=== Instructions for the task ===
What is needed is an exact copy of the lines in the entries below from the one holding "A woman celebrating in front of her laptop" through the one holding "Set of 4 Natural", pictures excluded.
[Exercise inputs — start]
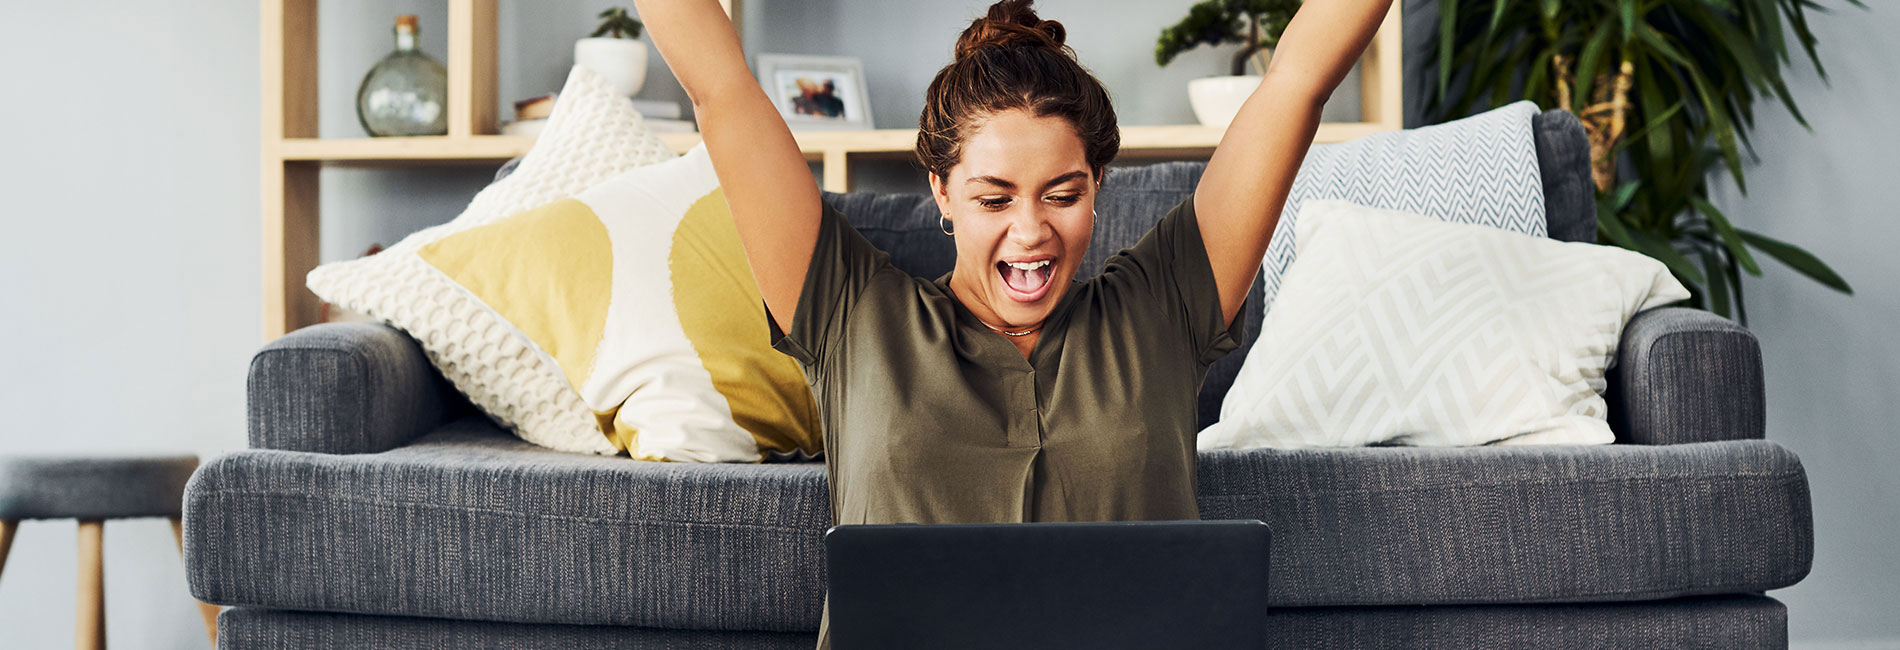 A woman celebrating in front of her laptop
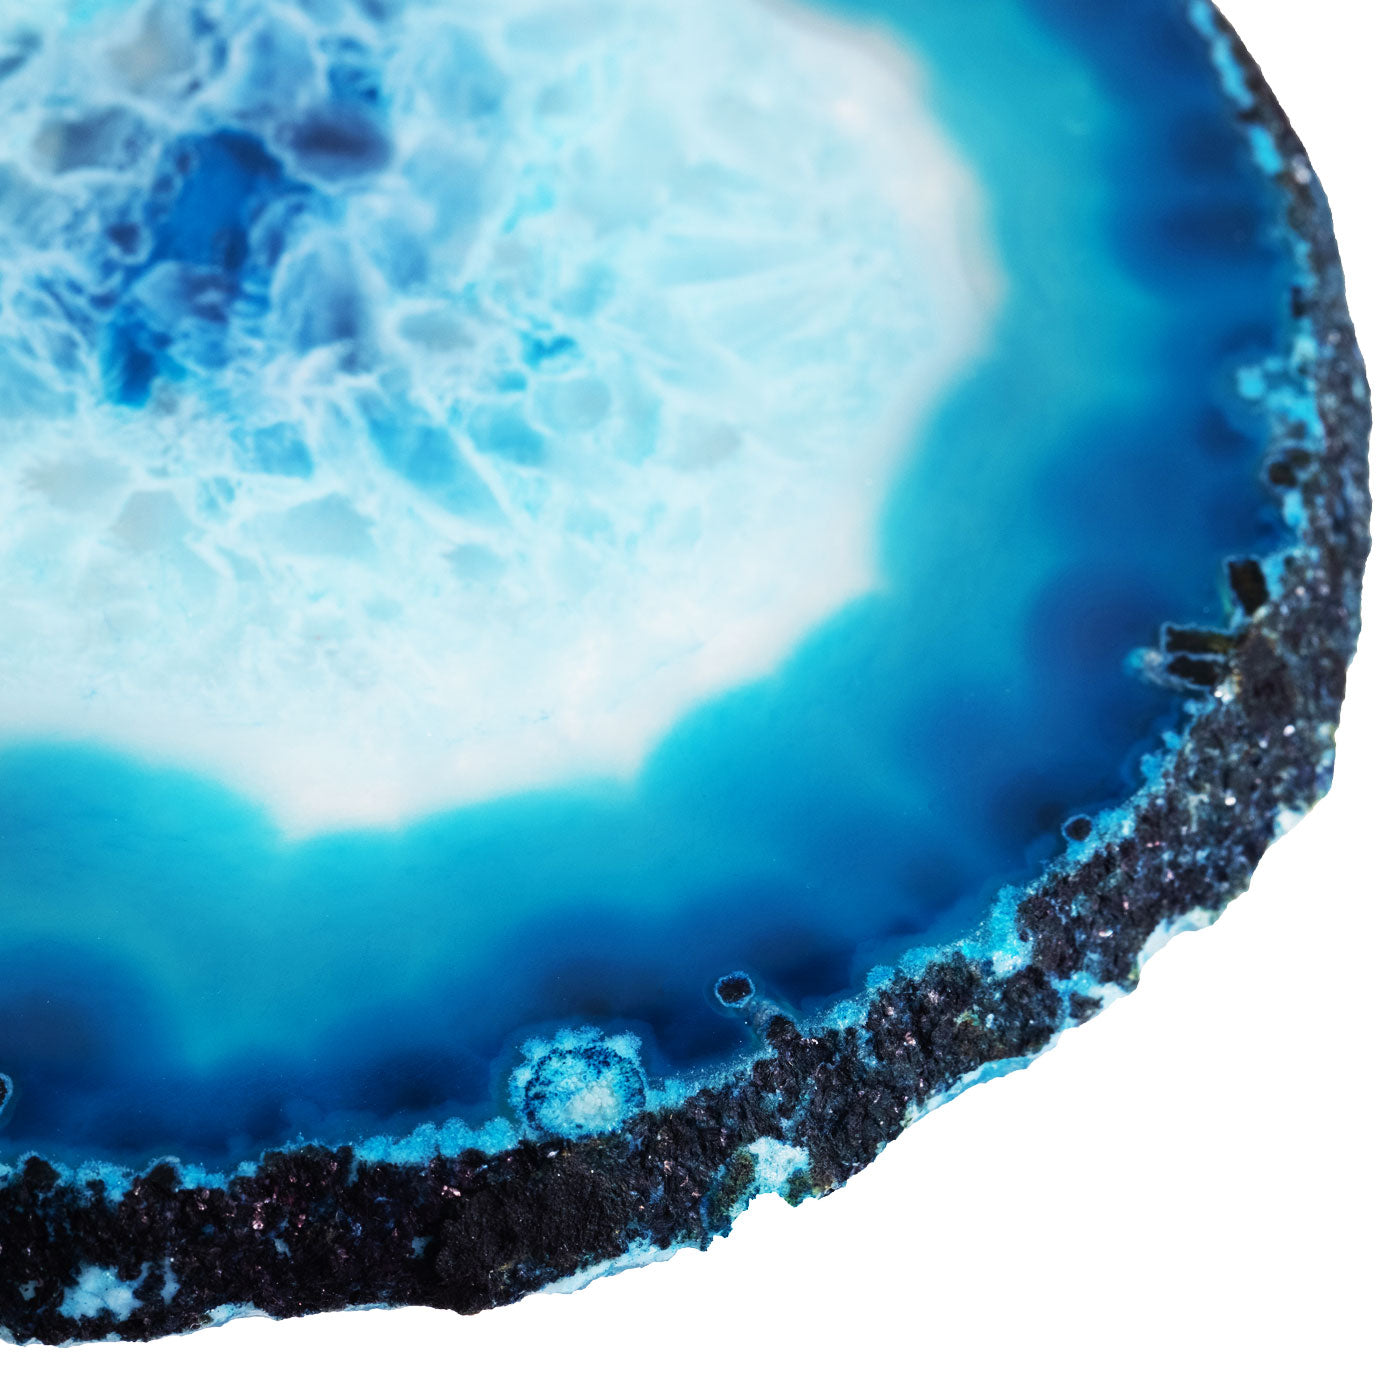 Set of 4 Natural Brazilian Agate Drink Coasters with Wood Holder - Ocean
[Exercise inputs — finish]
[Exercise inputs — start]
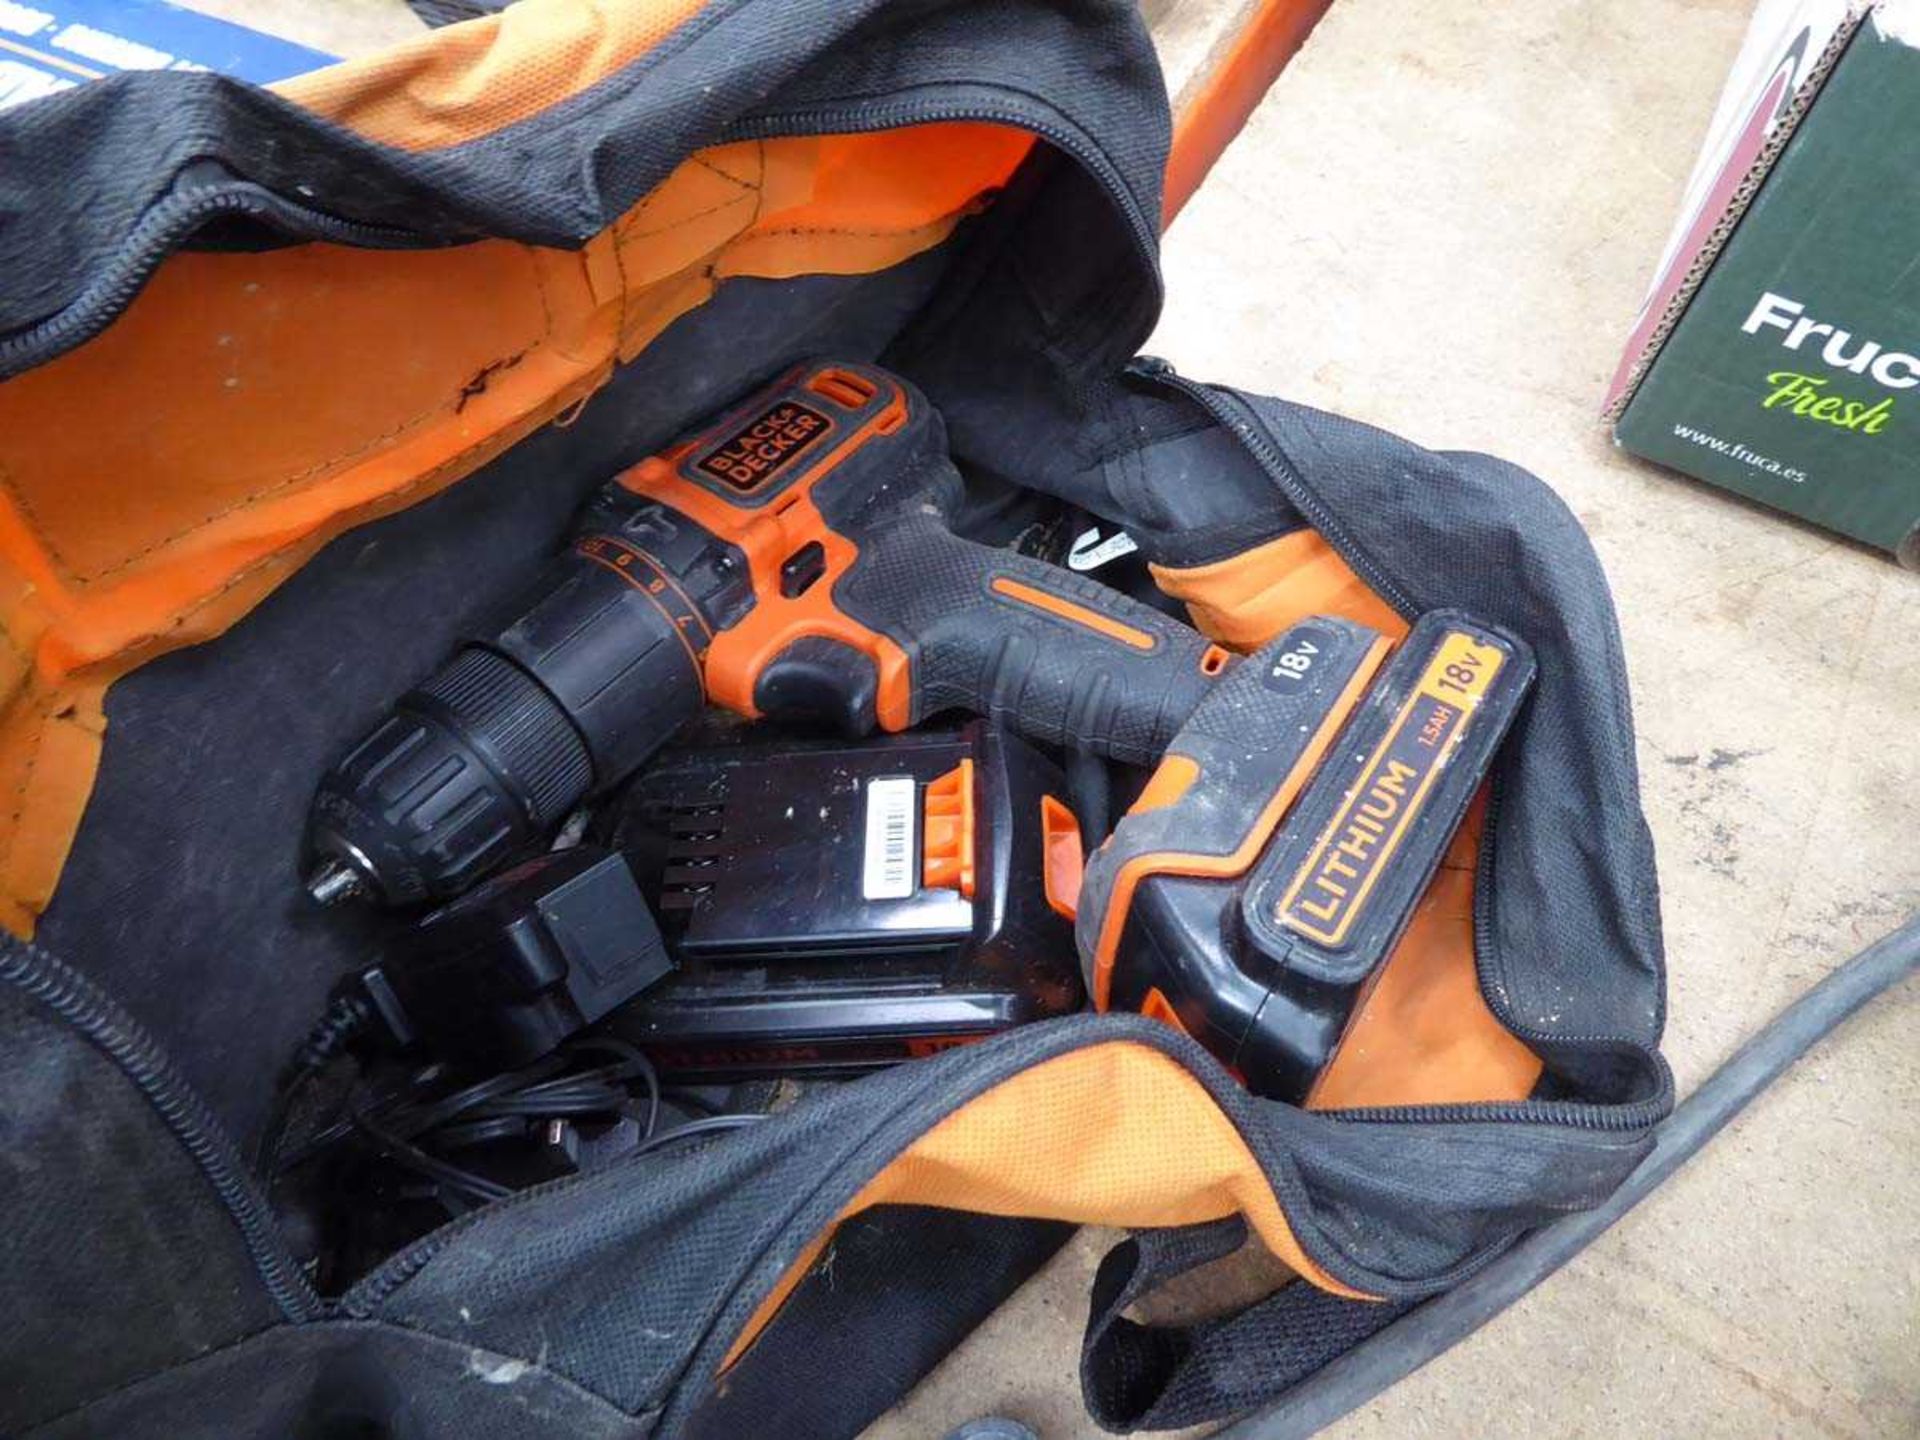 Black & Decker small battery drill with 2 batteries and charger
[Exercise inputs — finish]
[Exercise inputs — start]
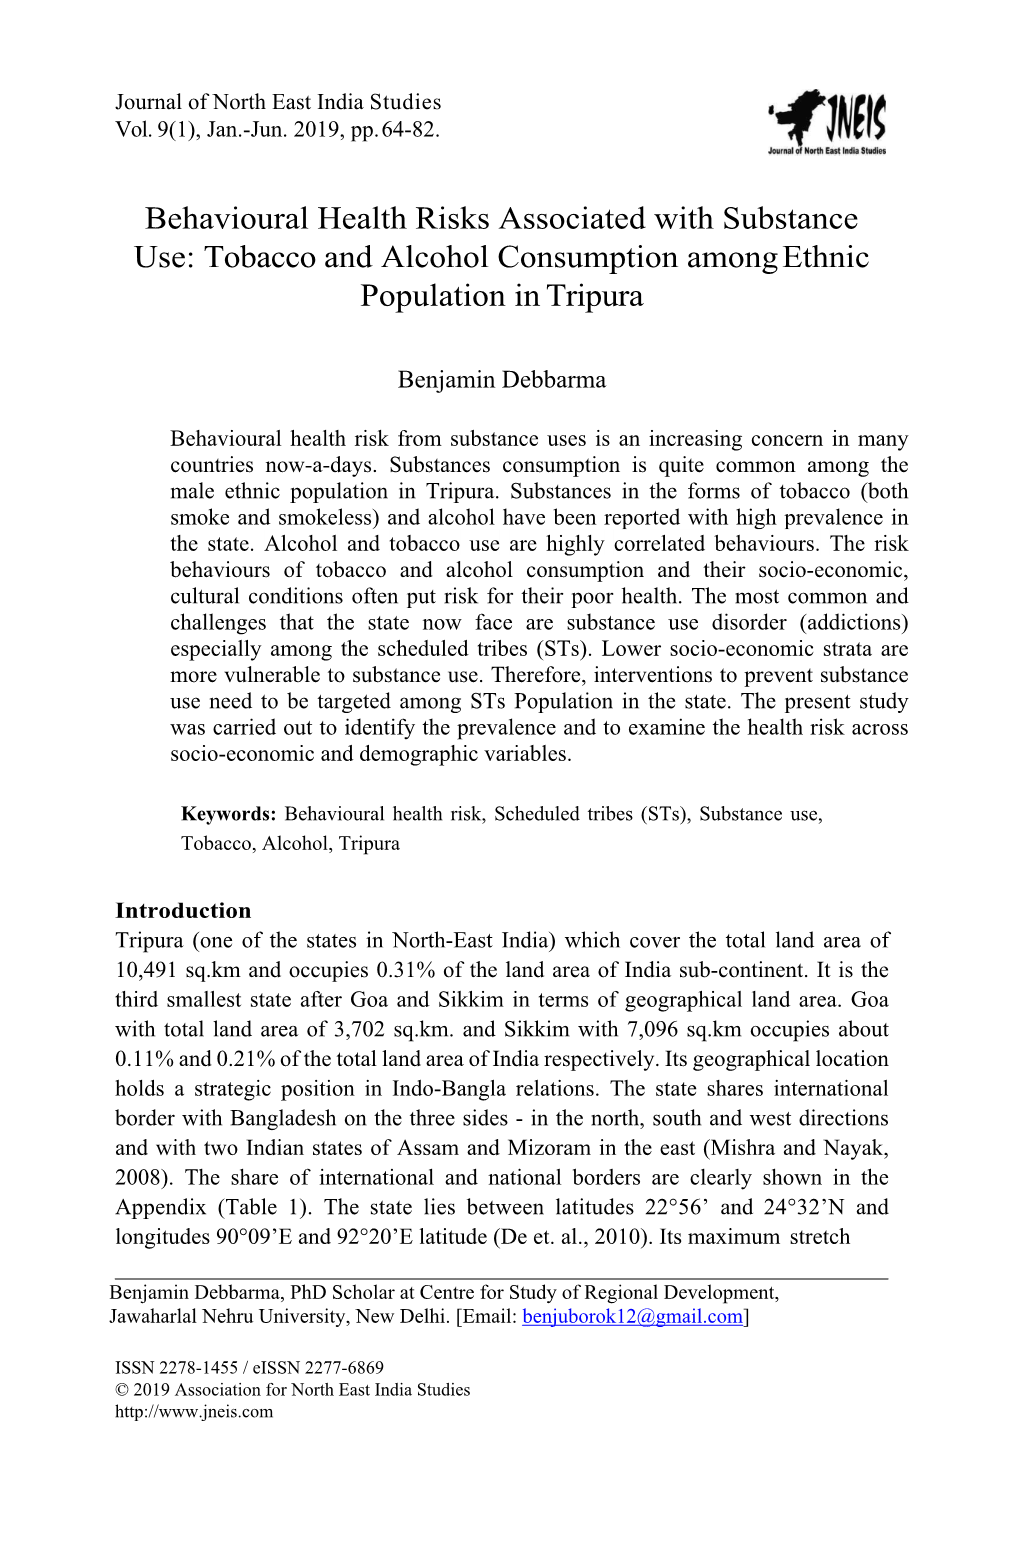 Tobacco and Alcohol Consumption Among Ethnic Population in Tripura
[Exercise inputs — finish]
=== Output ===
 A woman celebrating in front of her laptop
 Set of 4 Natural Brazilian Agate Drink Coasters with Wood Holder - Ocean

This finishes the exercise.